Wer Hartz IV bekommt, hat auch Anspruch auf staatliche Leistungen für Miete und Heizkosten. Oft zahlt das Jobcenter diese Gelder direkt an den Vermieter. Mängel der Mietwohnung können für Probleme sorgen.

Leistungen für Wohn- und Heizkosten werden im Normalfall an den Empfänger von Arbeitslosengeld II selbst überwiesen. Allerdings macht das Gesetz auch eine Direktüberweisung an den Vermieter möglich. Wann genau es dazu kommt, hängt von den unterschiedlichen Ausführungsvorschriften der Bundesländer ab. Der einheitliche Grundgedanke ist natürlich, dass die Geldbeträge tatsächlich für Miete und Heizkosten verwendet und nicht anderweitig verbraucht werden.

Wann ist die Direktzahlung per Gesetz zulässig?
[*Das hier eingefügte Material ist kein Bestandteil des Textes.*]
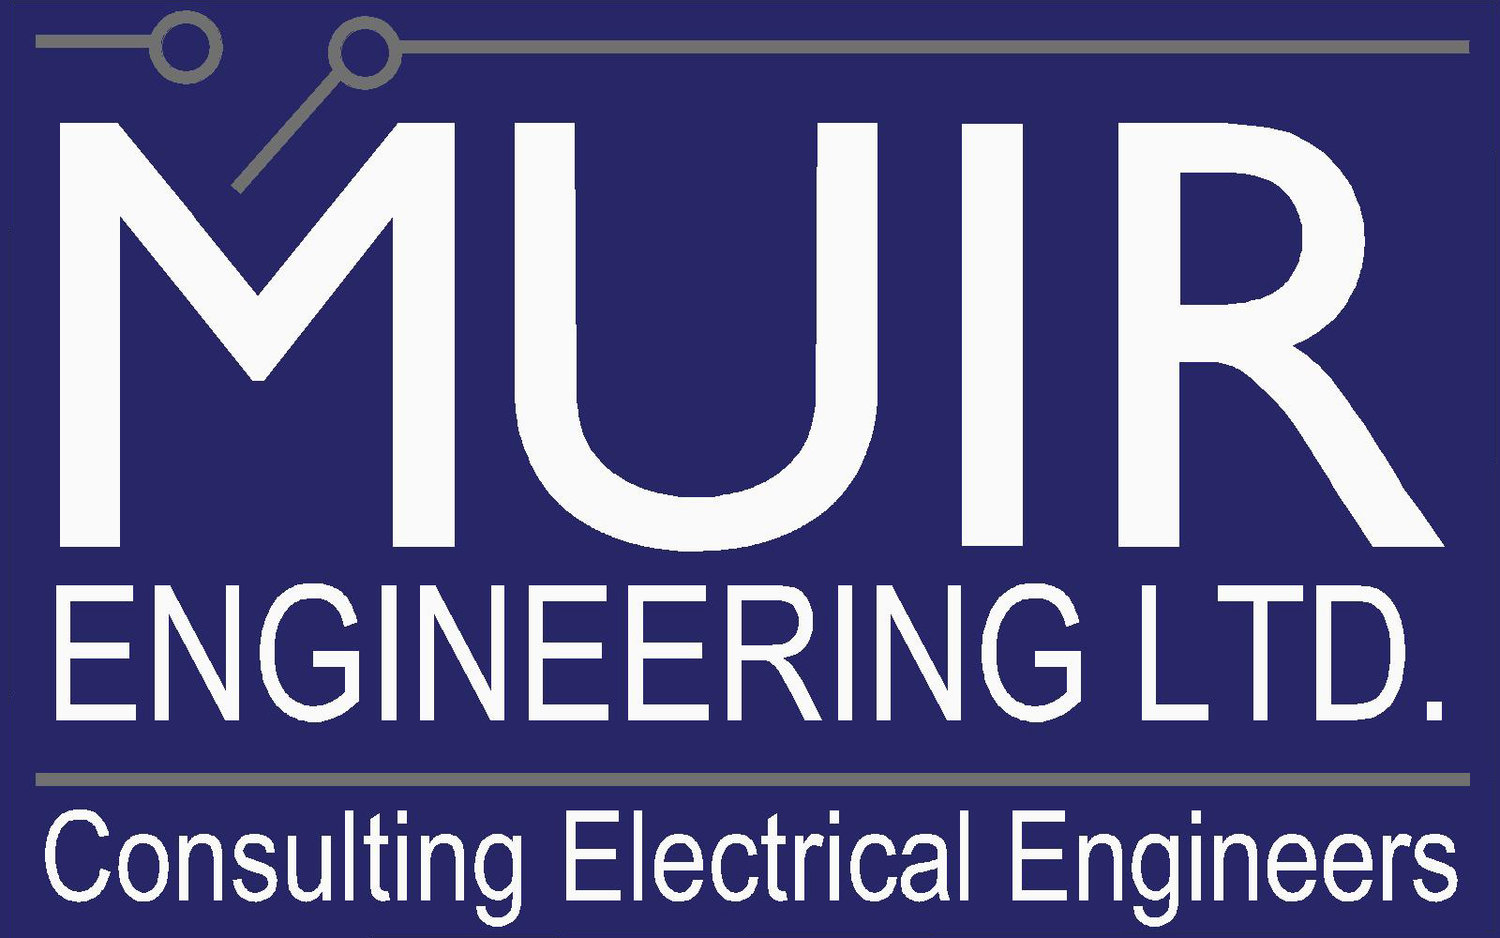 Muir Engineering
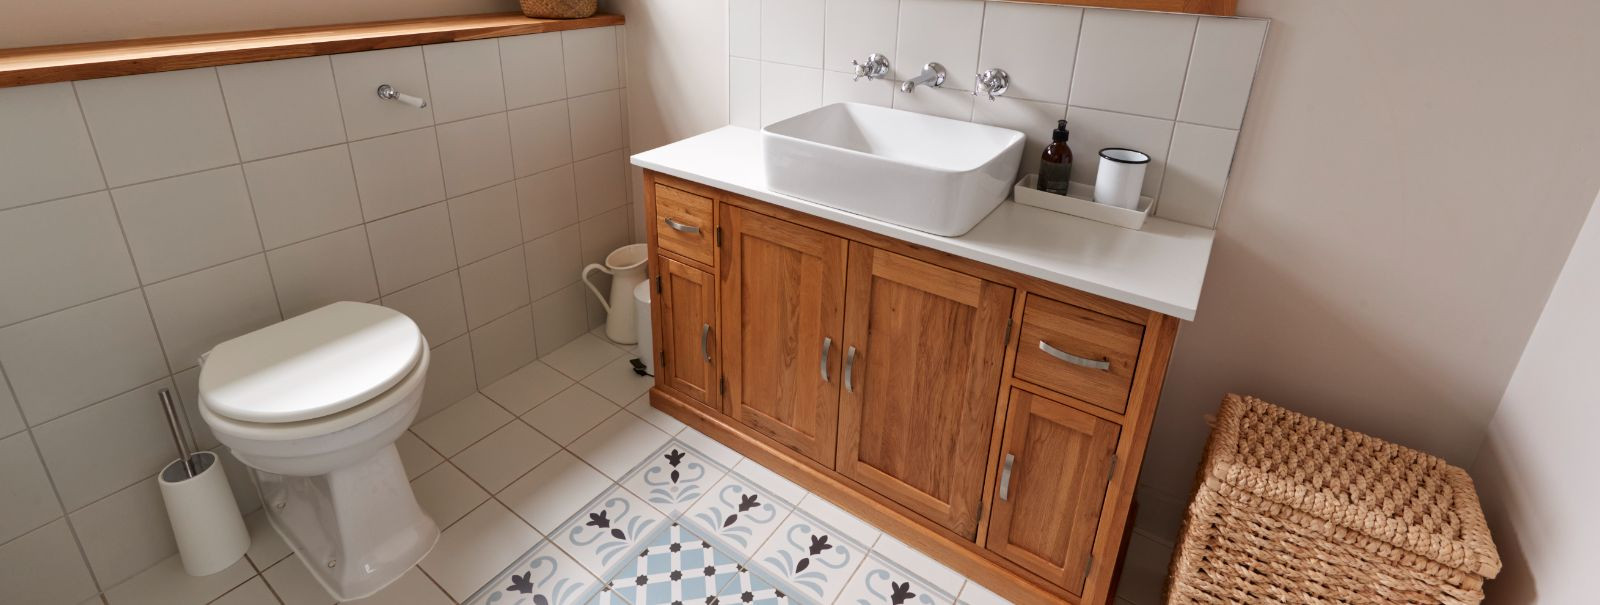 Tõhusad vannitoa paigutused on olulised kaasaegsetes kodudes, kus ruum on piiratud. Hästi kujundatud vannituba võib oluliselt tõsta teie kodu funktsionaalsust j

§ 22 Absatz 7 des Zweiten Sozialgesetzbuches (SGB II) enthält einige Grundregeln. Eine Direktzahlung an den Vermieter findet danach in zwei Fällen statt:

- Auf Antrag des Leistungsempfängers,
- bei Zweifeln der Behörde, dass dieser die Beträge wirklich an den Vermieter weitergibt.

Nach dem Gesetz ist dies insbesondere gegeben bei
- Mietrückständen, die den Vermieter zu einer außerordentlichen Kündigung des Mietverhältnisses berechtigen,
- Energiekostenrückständen, die den Energieversorger zu einer Unterbrechung der Energieversorgung berechtigen,
- konkreten Anhaltspunkten für ein krankheits- oder suchtbedingtes Unvermögen der leistungsberechtigten Person, das Geld zweckentsprechend zu verwenden, oder
- konkreten Anhaltspunkten dafür, dass die im Schuldnerverzeichnis eingetragene leistungsberechtigte Person die Mittel nicht zweckentsprechend verwendet.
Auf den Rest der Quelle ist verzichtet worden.